Acho que sou melhor sem esse preconceito e sem essas manias... por isso mesmo, também acho que conheço melhores pessoas. Apesar de tudo, às vezes, sabe bem um pouco de má-língua... não se pode ser perfeito!

beijinhos
De Ana Vidal a 27 de Junho de 2008
É verdade, falámos disto mesmo ontem.
Desses que passam uma vida inteira a controlar-se para parecerem o que não são... bem, só se pode ter pena, não é?
De mariav a 26 de Junho de 2008
Há códigos em todo o lado, que na maior parte das vezes dão origem a preconceitos. Estes, por sua vez, embaçam o nosso discernimento, impedindo-nos quase sempre de analisar livremente, levando-nos a fazer escolhas com base neles e não em valores “a sério”.
Cresci com esses códigos, alimentei durante tempo demais esses preconceitos. Hoje orgulho-me de ter amigos que os não tiveram, e que, talvez por isso mesmo, são muito melhores pessoas do que a maior parte dos que continuam a dar mais importância ao uso de palavras como “vermelho” do que ao facto de quem o faz poder ser muito mais íntegro, verdadeiro, solidário, e bem-formado do que eles.
Concordo com a Sofia: também acho que conheço melhores pessoas agora.
De Ana Vidal a 27 de Junho de 2008
Depois de lançar a confusão, já quase me sinto na obrigação de fazer de advogada do diabo: há gente boa e má em todas as camadas sociais, e muitos preconceitos também naquelas que às vezes nos parecem mais livres deles.
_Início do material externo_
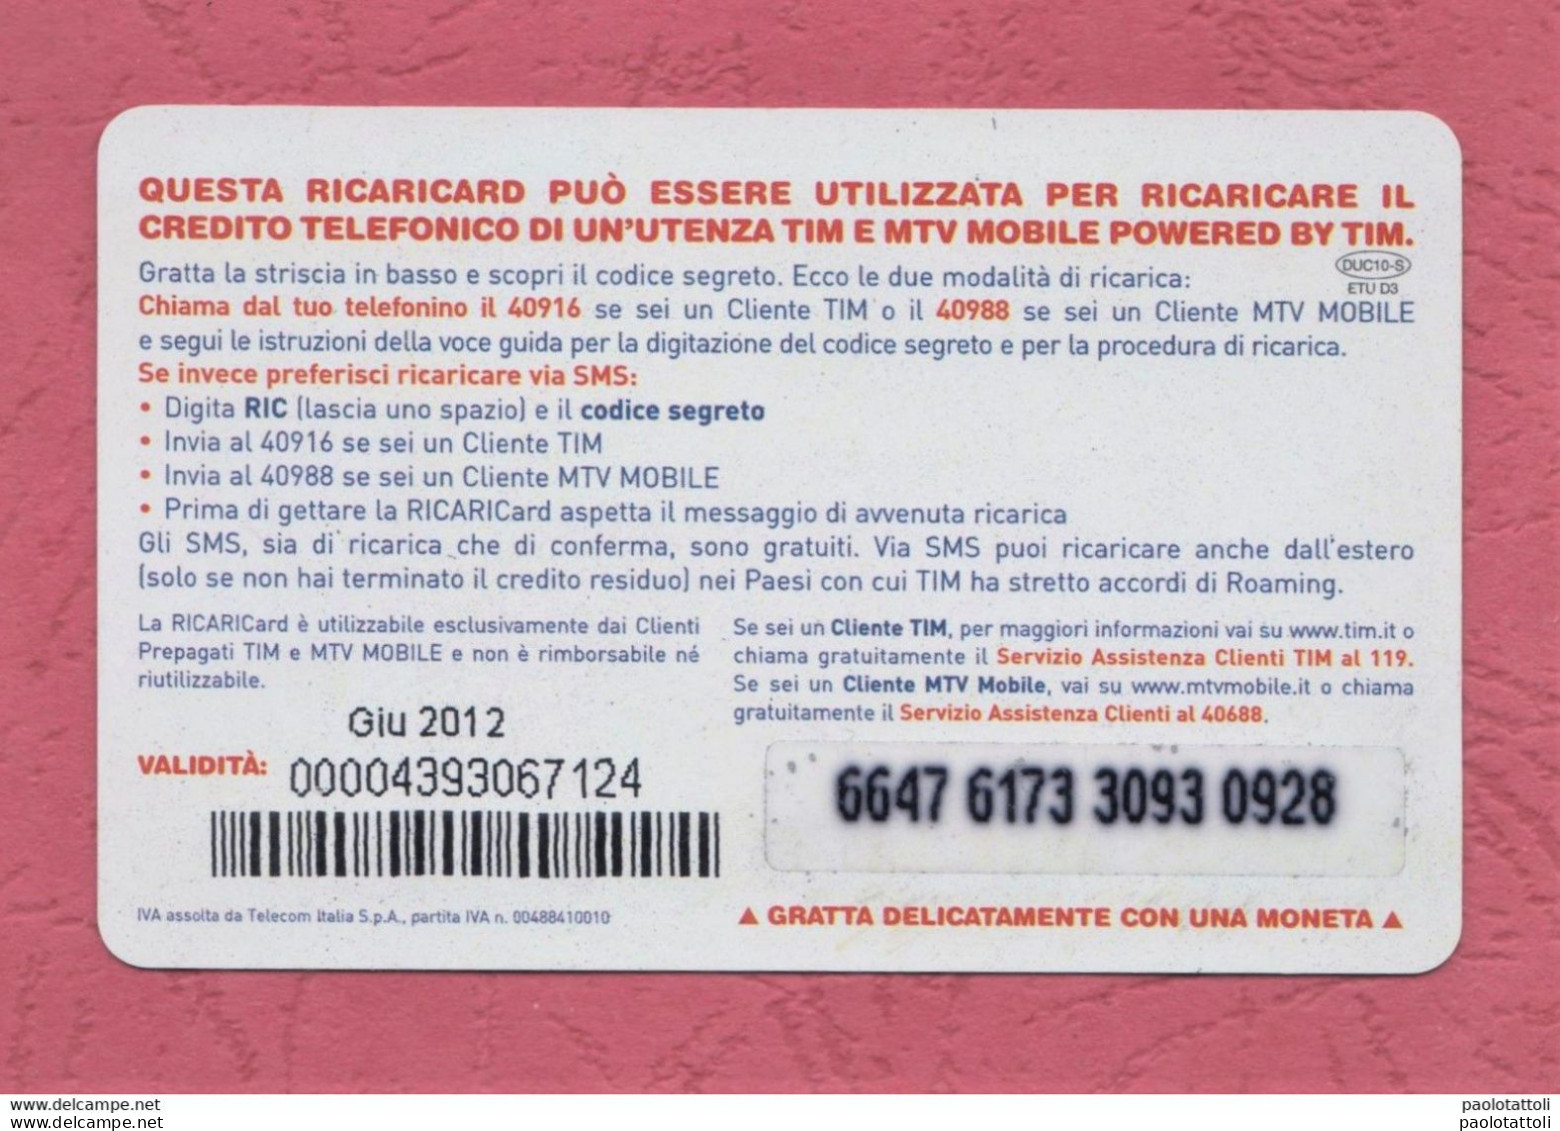 Italia, Italy- Ricarica Telefonica,TIM  Mobile Pop Up Card- Moto GP 2010. Round 01, Quatar 11.4.2010- 10 Euro. - Cartes GSM Prépayées & Recharges

São outros, mas não deixam de ser preconceitos. Como, por exemplo, o de medir pela mesma bitola todas as pessoas que têm estes "tiques" de classe.
Parece-me que o mais importante - e mais difícil, também - é conseguirmos, todos nós, abstrair desses pormenores quando se trata de avaliar alguém.
De minucha a 26 de Junho de 2008
Eu, que sempre achei que não era snob, e ainda hoje acho, tive um professor de linguística que me mandou fazer um trabalho sobre a importância da linguagem nos códigos.
nem percebi o que ele queria que fizesse.
Os temas dos trabalhos eram livres, só para mim foi imposto.
O Professor teve de me explicar o que queria....
passei a usar muitas das palavras proibidas, mas ainda há umas que me arrepiam
Vivenda, papá e mamã, moça
Mas do outro lado, beiços, também sempre me arrepiou, passei a usar boca, por lábios também ser impossível

beijinho
De Ana Vidal a 27 de Junho de 2008
:) Percebo-a tão bem, Minucha!
Beijinho
De CNS a 27 de Junho de 2008
Precisamos de códigos para nos sentirmos integrados. Precisamos de nos sentir integrados para manter a sensação de pertença a qualquer coisa. Pena que a busca da identidade dessa qualquer coisa se desvaneça neste ou noutros léxicos sociais. O "abre-te Sésamo" sobrepõe-se sem dúvida ao que existe para lá da gruta...

De Ana Vidal a 27 de Junho de 2008
A nuvem por Juno, Cristina... acho que é isso mesmo, e é uma pena. O que está na gruta é quase sempre tão mais valioso!
De Mad a 30 de Junho de 2008
Um reparo: "pirosa" não é o mesmo que possidónia. E nunca achei piroso dizer "pirosa"!